[Date Prev][Date Next][Thread Prev][Thread Next][Date Index][Thread Index]

Re: [Xen-devel] [PATCH] amd iommu: Dump flags of IO page faults



On 09/24/2012 10:38 AM, Sander Eikelenboom wrote:

Friday, September 7, 2012, 10:54:40 AM, you wrote:

On 09/07/2012 09:32 AM, Sander Eikelenboom wrote:

Thursday, September 6, 2012, 5:03:05 PM, you wrote:

On 09/06/2012 03:50 PM, Sander Eikelenboom wrote:

Thursday, September 6, 2012, 3:32:51 PM, you wrote:

On 09/06/2012 12:59 AM, Sander Eikelenboom wrote:

Wednesday, September 5, 2012, 4:42:42 PM, you wrote:

Hi Jan,
Attached patch dumps io page fault flags. The flags show the reason of
the fault and tell us if this is an unmapped interrupt fault or a DMA fault.

Thanks,
Wei

signed-off-by: Wei Wang<wei.wang2@xxxxxxx>


I have applied the patch and the flags seem to differ between the faults:

AMD-Vi: IO_PAGE_FAULT: domain = 0, device id = 0x0a06, fault address = 
0xc2c2c2c0, flags = 0x000
(XEN) [2012-09-05 20:54:16] AMD-Vi: IO_PAGE_FAULT: domain = 0, device id = 
0x0a06, fault address = 0xc2c2c2c0, flags = 0x000
(XEN) [2012-09-05 20:54:16] AMD-Vi: IO_PAGE_FAULT: domain = 14, device id = 
0x0700, fault address = 0xa8d339e0, flags = 0x020
(XEN) [2012-09-05 20:54:16] AMD-Vi: IO_PAGE_FAULT: domain = 14, device id = 
0x0700, fault address = 0xa8d33a40, flags = 0x020

OK, so they are not interrupt requests. I guess further information from
your system would be helpful to debug this issue:
1) xl info
2) xl list
3) lscpi -vvv (NOTE: not in dom0 but in your guest)
4) cat /proc/iomem (in both dom0 and your hvm guest)

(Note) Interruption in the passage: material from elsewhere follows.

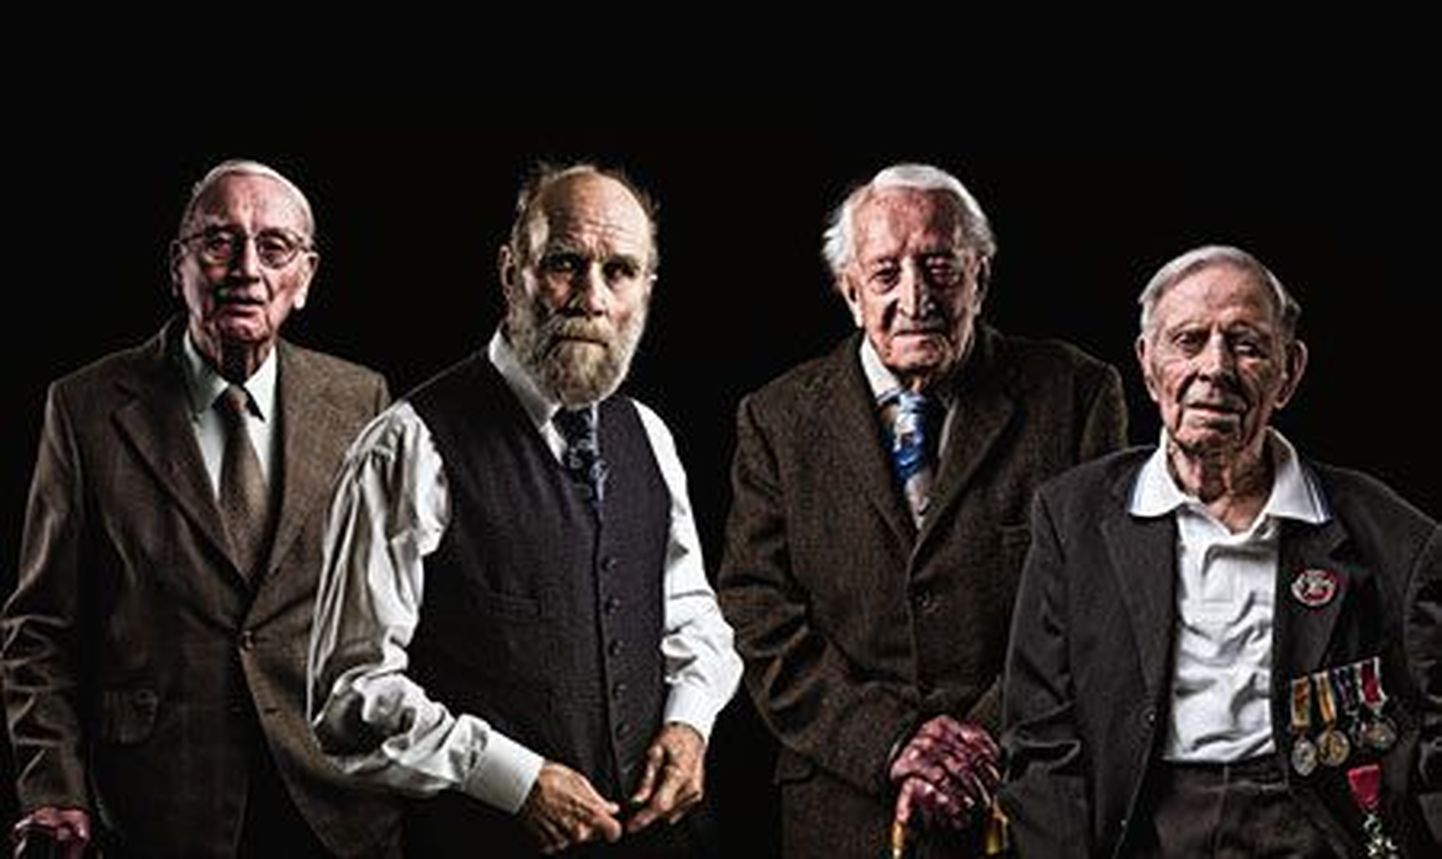 FHMi palgatud neli 100-aastast kolumnisti (vasakult paremale) Alec Holden, Buster Martin, Eric Woodward ja Harry Patch

dom14 is not a HVM guest,it's a PV guest.

Ah, I see. PV guest is quite different than hvm, it does use p2m tables
as io page tables. So no-sharept option does not work in this case. PV
guests always use separated io page tables. There might be some
incorrect mappings on the page tables. I will check this on my side.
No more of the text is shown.